TASK STATEMENT
The task calls for every line of the data to be retyped exactly.

===

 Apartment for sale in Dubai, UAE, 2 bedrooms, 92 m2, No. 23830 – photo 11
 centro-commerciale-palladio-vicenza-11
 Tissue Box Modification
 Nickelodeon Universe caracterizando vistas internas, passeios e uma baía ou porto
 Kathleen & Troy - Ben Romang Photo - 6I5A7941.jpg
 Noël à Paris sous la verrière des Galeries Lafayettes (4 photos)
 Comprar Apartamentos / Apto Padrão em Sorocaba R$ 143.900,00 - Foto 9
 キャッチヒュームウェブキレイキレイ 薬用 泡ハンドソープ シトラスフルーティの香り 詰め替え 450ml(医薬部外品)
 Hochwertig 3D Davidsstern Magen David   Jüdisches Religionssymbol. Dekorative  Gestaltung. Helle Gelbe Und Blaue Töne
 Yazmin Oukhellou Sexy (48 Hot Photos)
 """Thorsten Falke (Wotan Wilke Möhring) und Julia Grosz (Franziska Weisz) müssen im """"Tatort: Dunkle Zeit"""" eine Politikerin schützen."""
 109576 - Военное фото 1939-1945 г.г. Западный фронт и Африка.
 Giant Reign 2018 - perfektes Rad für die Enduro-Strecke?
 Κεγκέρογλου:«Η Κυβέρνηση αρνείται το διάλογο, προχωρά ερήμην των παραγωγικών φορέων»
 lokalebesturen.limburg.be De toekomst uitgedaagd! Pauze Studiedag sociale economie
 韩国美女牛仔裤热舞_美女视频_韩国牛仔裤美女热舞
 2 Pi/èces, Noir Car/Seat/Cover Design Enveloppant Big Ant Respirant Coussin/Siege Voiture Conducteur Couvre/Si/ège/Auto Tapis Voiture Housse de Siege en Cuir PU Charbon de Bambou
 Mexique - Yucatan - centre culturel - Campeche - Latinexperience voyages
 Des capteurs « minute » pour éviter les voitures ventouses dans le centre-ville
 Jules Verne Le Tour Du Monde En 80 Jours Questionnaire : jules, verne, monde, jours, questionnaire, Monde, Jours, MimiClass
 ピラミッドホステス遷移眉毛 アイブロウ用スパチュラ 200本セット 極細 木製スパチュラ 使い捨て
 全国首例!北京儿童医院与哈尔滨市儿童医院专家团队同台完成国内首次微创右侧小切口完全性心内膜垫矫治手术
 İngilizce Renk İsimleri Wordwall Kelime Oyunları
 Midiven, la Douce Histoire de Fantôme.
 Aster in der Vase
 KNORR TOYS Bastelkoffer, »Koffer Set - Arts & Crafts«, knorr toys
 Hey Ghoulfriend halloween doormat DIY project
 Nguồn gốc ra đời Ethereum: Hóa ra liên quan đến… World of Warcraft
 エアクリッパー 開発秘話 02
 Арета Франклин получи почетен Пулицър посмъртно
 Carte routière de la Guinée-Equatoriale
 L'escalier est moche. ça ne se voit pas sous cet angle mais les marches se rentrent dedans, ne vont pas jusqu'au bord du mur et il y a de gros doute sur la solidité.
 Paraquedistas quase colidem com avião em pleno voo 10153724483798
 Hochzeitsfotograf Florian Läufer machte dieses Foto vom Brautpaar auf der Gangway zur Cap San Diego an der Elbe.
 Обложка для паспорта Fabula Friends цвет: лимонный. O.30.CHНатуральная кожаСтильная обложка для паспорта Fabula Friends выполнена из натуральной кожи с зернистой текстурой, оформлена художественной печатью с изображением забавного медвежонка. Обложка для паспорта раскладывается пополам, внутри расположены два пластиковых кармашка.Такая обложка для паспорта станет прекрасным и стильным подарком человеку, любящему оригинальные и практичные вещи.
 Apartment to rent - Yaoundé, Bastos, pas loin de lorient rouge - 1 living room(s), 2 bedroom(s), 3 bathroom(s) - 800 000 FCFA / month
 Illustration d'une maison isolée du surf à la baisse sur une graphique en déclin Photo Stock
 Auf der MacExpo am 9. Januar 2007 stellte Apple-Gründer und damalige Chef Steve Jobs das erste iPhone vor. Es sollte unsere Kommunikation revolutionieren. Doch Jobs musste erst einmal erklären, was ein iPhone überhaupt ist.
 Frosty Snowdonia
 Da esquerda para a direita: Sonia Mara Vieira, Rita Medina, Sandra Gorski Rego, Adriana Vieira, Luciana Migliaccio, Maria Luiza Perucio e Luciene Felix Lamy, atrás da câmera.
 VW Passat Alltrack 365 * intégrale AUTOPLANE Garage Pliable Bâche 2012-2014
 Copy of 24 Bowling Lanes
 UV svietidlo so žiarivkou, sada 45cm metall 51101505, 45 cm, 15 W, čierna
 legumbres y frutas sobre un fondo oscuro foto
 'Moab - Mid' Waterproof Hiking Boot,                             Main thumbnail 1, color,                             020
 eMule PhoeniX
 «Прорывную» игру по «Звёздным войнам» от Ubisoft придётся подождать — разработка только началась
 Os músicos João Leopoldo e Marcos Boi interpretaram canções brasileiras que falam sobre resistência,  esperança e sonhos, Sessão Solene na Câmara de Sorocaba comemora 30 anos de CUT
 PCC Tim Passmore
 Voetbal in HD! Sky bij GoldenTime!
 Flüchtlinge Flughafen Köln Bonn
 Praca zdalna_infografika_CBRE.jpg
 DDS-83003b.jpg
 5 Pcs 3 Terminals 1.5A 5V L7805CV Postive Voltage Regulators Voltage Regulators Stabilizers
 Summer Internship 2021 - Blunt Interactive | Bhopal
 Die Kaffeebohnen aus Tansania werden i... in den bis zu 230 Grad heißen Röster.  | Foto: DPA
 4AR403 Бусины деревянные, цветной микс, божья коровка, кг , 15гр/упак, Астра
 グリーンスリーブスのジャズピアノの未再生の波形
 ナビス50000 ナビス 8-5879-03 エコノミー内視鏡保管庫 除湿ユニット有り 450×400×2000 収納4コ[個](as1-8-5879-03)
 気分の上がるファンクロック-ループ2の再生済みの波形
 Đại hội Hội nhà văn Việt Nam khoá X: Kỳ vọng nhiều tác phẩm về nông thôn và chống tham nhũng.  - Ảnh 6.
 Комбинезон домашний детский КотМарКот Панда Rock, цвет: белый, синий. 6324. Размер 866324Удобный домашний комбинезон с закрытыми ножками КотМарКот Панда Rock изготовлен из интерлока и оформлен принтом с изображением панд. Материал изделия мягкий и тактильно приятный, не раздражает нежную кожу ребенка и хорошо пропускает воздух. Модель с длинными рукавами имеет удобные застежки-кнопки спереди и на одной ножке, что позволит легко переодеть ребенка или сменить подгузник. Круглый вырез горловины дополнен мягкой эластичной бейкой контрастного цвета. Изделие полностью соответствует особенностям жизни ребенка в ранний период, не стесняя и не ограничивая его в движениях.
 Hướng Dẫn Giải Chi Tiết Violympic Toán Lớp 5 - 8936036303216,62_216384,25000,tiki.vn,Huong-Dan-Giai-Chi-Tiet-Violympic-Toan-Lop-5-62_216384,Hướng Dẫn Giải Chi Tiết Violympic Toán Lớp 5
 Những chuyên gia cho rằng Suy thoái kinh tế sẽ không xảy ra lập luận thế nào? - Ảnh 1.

===

TASK SOLUTION
 Apartment for sale in Dubai, UAE, 2 bedrooms, 92 m2, No. 23830 – photo 11
 centro-commerciale-palladio-vicenza-11
 Tissue Box Modification
 Nickelodeon Universe caracterizando vistas internas, passeios e uma baía ou porto
 Kathleen & Troy - Ben Romang Photo - 6I5A7941.jpg
 Noël à Paris sous la verrière des Galeries Lafayettes (4 photos)
 Comprar Apartamentos / Apto Padrão em Sorocaba R$ 143.900,00 - Foto 9
 キャッチヒュームウェブキレイキレイ 薬用 泡ハンドソープ シトラスフルーティの香り 詰め替え 450ml(医薬部外品)
 Hochwertig 3D Davidsstern Magen David   Jüdisches Religionssymbol. Dekorative  Gestaltung. Helle Gelbe Und Blaue Töne
 Yazmin Oukhellou Sexy (48 Hot Photos)
 """Thorsten Falke (Wotan Wilke Möhring) und Julia Grosz (Franziska Weisz) müssen im """"Tatort: Dunkle Zeit"""" eine Politikerin schützen."""
 109576 - Военное фото 1939-1945 г.г. Западный фронт и Африка.
 Giant Reign 2018 - perfektes Rad für die Enduro-Strecke?
 Κεγκέρογλου:«Η Κυβέρνηση αρνείται το διάλογο, προχωρά ερήμην των παραγωγικών φορέων»
 lokalebesturen.limburg.be De toekomst uitgedaagd! Pauze Studiedag sociale economie
 韩国美女牛仔裤热舞_美女视频_韩国牛仔裤美女热舞
 2 Pi/èces, Noir Car/Seat/Cover Design Enveloppant Big Ant Respirant Coussin/Siege Voiture Conducteur Couvre/Si/ège/Auto Tapis Voiture Housse de Siege en Cuir PU Charbon de Bambou
 Mexique - Yucatan - centre culturel - Campeche - Latinexperience voyages
 Des capteurs « minute » pour éviter les voitures ventouses dans le centre-ville
 Jules Verne Le Tour Du Monde En 80 Jours Questionnaire : jules, verne, monde, jours, questionnaire, Monde, Jours, MimiClass
 ピラミッドホステス遷移眉毛 アイブロウ用スパチュラ 200本セット 極細 木製スパチュラ 使い捨て
 全国首例!北京儿童医院与哈尔滨市儿童医院专家团队同台完成国内首次微创右侧小切口完全性心内膜垫矫治手术
 İngilizce Renk İsimleri Wordwall Kelime Oyunları
 Midiven, la Douce Histoire de Fantôme.
 Aster in der Vase
 KNORR TOYS Bastelkoffer, »Koffer Set - Arts & Crafts«, knorr toys
 Hey Ghoulfriend halloween doormat DIY project
 Nguồn gốc ra đời Ethereum: Hóa ra liên quan đến… World of Warcraft
 エアクリッパー 開発秘話 02
 Арета Франклин получи почетен Пулицър посмъртно
 Carte routière de la Guinée-Equatoriale
 L'escalier est moche. ça ne se voit pas sous cet angle mais les marches se rentrent dedans, ne vont pas jusqu'au bord du mur et il y a de gros doute sur la solidité.
 Paraquedistas quase colidem com avião em pleno voo 10153724483798
 Hochzeitsfotograf Florian Läufer machte dieses Foto vom Brautpaar auf der Gangway zur Cap San Diego an der Elbe.
 Обложка для паспорта Fabula Friends цвет: лимонный. O.30.CHНатуральная кожаСтильная обложка для паспорта Fabula Friends выполнена из натуральной кожи с зернистой текстурой, оформлена художественной печатью с изображением забавного медвежонка. Обложка для паспорта раскладывается пополам, внутри расположены два пластиковых кармашка.Такая обложка для паспорта станет прекрасным и стильным подарком человеку, любящему оригинальные и практичные вещи.
 Apartment to rent - Yaoundé, Bastos, pas loin de lorient rouge - 1 living room(s), 2 bedroom(s), 3 bathroom(s) - 800 000 FCFA / month
 Illustration d'une maison isolée du surf à la baisse sur une graphique en déclin Photo Stock
 Auf der MacExpo am 9. Januar 2007 stellte Apple-Gründer und damalige Chef Steve Jobs das erste iPhone vor. Es sollte unsere Kommunikation revolutionieren. Doch Jobs musste erst einmal erklären, was ein iPhone überhaupt ist.
 Frosty Snowdonia
 Da esquerda para a direita: Sonia Mara Vieira, Rita Medina, Sandra Gorski Rego, Adriana Vieira, Luciana Migliaccio, Maria Luiza Perucio e Luciene Felix Lamy, atrás da câmera.
 VW Passat Alltrack 365 * intégrale AUTOPLANE Garage Pliable Bâche 2012-2014
 Copy of 24 Bowling Lanes
 UV svietidlo so žiarivkou, sada 45cm metall 51101505, 45 cm, 15 W, čierna
 legumbres y frutas sobre un fondo oscuro foto
 'Moab - Mid' Waterproof Hiking Boot,                             Main thumbnail 1, color,                             020
 eMule PhoeniX
 «Прорывную» игру по «Звёздным войнам» от Ubisoft придётся подождать — разработка только началась
 Os músicos João Leopoldo e Marcos Boi interpretaram canções brasileiras que falam sobre resistência,  esperança e sonhos, Sessão Solene na Câmara de Sorocaba comemora 30 anos de CUT
 PCC Tim Passmore
 Voetbal in HD! Sky bij GoldenTime!
 Flüchtlinge Flughafen Köln Bonn
 Praca zdalna_infografika_CBRE.jpg
 DDS-83003b.jpg
 5 Pcs 3 Terminals 1.5A 5V L7805CV Postive Voltage Regulators Voltage Regulators Stabilizers
 Summer Internship 2021 - Blunt Interactive | Bhopal
 Die Kaffeebohnen aus Tansania werden i... in den bis zu 230 Grad heißen Röster.  | Foto: DPA
 4AR403 Бусины деревянные, цветной микс, божья коровка, кг , 15гр/упак, Астра
 グリーンスリーブスのジャズピアノの未再生の波形
 ナビス50000 ナビス 8-5879-03 エコノミー内視鏡保管庫 除湿ユニット有り 450×400×2000 収納4コ[個](as1-8-5879-03)
 気分の上がるファンクロック-ループ2の再生済みの波形
 Đại hội Hội nhà văn Việt Nam khoá X: Kỳ vọng nhiều tác phẩm về nông thôn và chống tham nhũng.  - Ảnh 6.
 Комбинезон домашний детский КотМарКот Панда Rock, цвет: белый, синий. 6324. Размер 866324Удобный домашний комбинезон с закрытыми ножками КотМарКот Панда Rock изготовлен из интерлока и оформлен принтом с изображением панд. Материал изделия мягкий и тактильно приятный, не раздражает нежную кожу ребенка и хорошо пропускает воздух. Модель с длинными рукавами имеет удобные застежки-кнопки спереди и на одной ножке, что позволит легко переодеть ребенка или сменить подгузник. Круглый вырез горловины дополнен мягкой эластичной бейкой контрастного цвета. Изделие полностью соответствует особенностям жизни ребенка в ранний период, не стесняя и не ограничивая его в движениях.
 Hướng Dẫn Giải Chi Tiết Violympic Toán Lớp 5 - 8936036303216,62_216384,25000,tiki.vn,Huong-Dan-Giai-Chi-Tiet-Violympic-Toan-Lop-5-62_216384,Hướng Dẫn Giải Chi Tiết Violympic Toán Lớp 5
 Những chuyên gia cho rằng Suy thoái kinh tế sẽ không xảy ra lập luận thế nào? - Ảnh 1.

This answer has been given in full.